— RECORD SET —
-*-*-
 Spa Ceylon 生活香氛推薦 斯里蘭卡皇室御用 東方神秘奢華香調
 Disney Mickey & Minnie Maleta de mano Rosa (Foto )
-*-*-
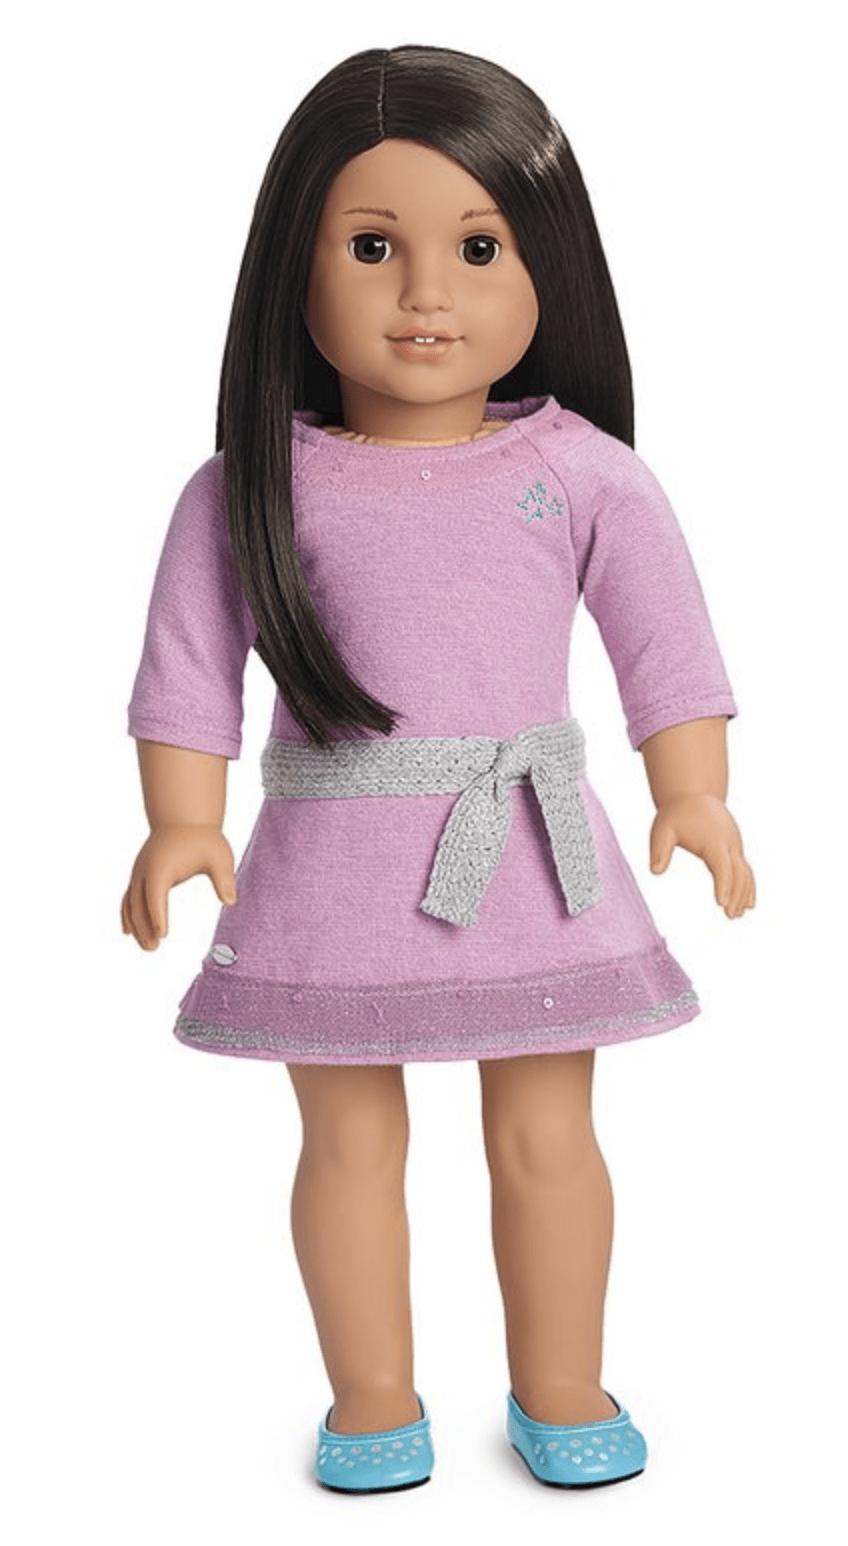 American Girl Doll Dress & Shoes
-*-*-
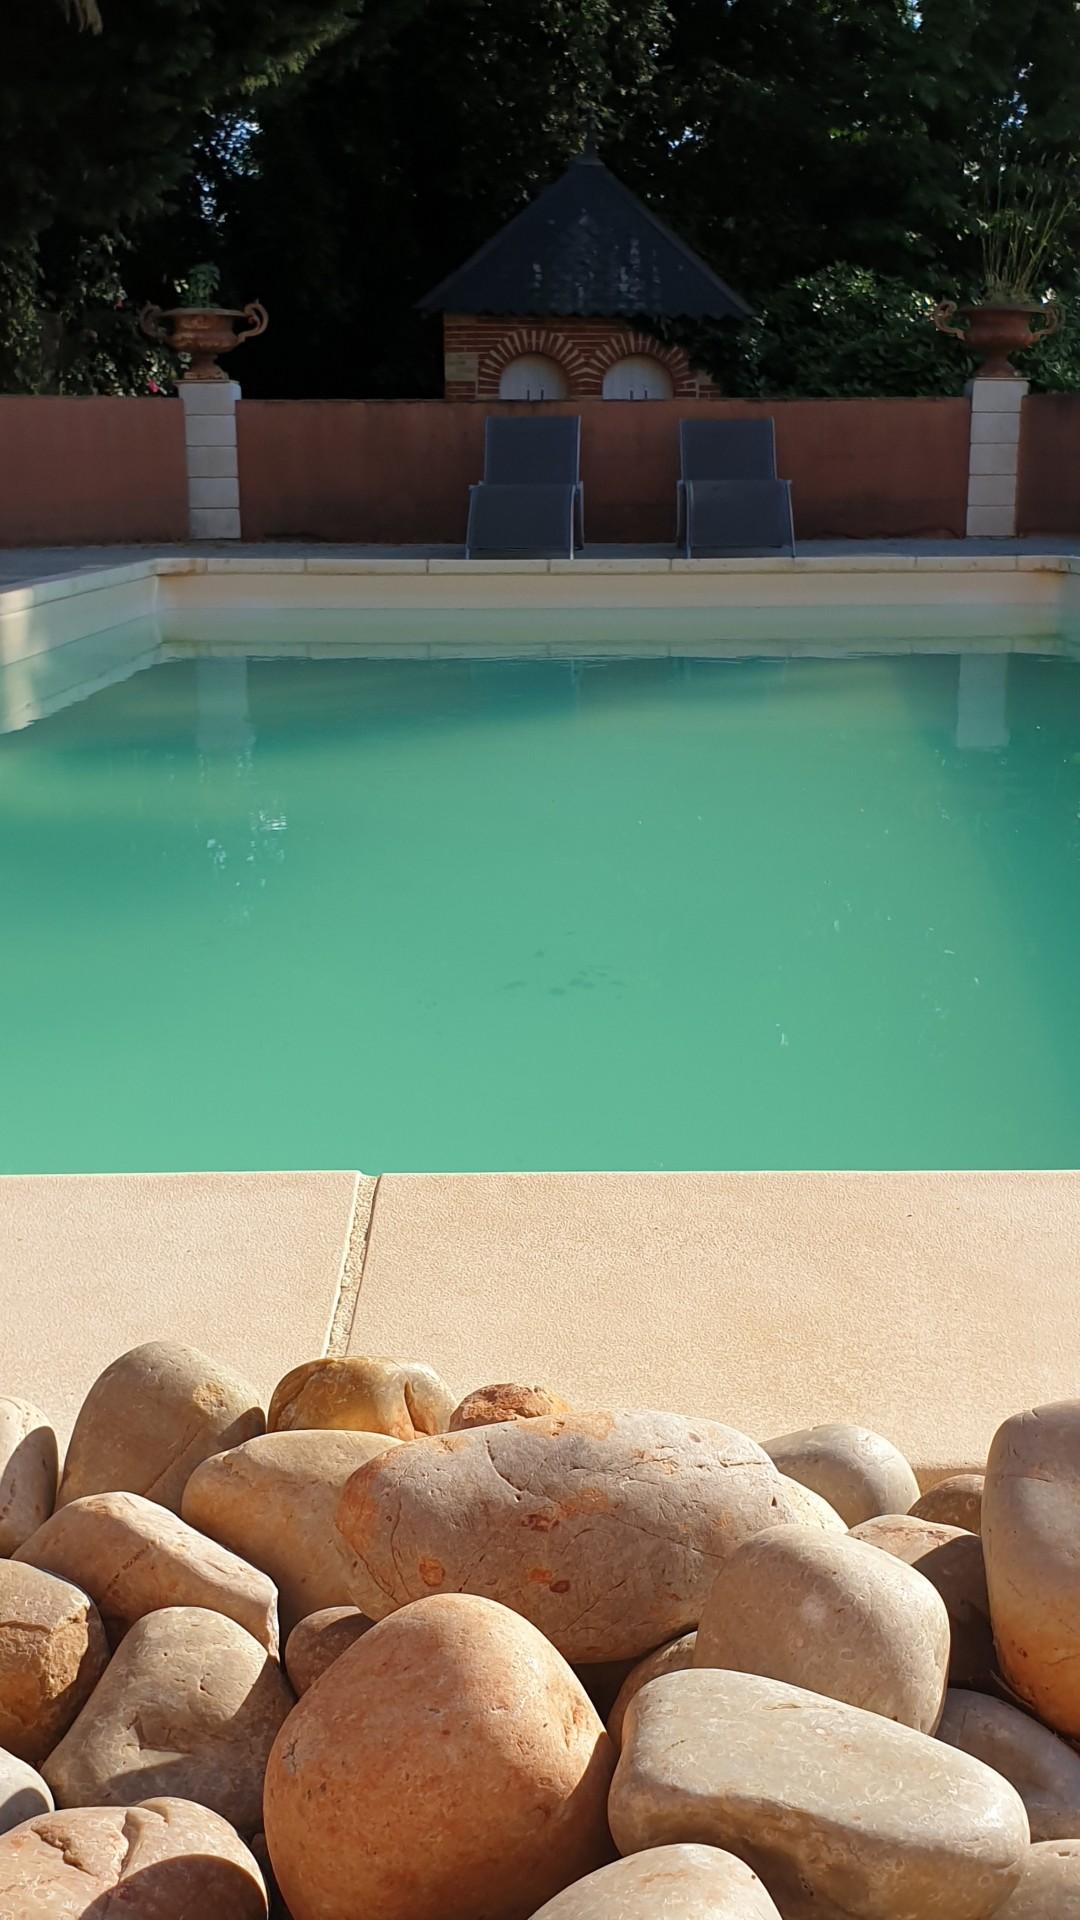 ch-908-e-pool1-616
-*-*-
— REQUIRED ACTION —
Beginning with the line above that contains "Spa Ceylon 生活香氛推薦 斯里蘭卡皇室御用 東方神秘奢華香調", copy each line exactly up to and including the line that contains "Disney Mickey &", and go no further.

— SOLUTION —
 Spa Ceylon 生活香氛推薦 斯里蘭卡皇室御用 東方神秘奢華香調
 Disney Mickey & Minnie Maleta de mano Rosa (Foto )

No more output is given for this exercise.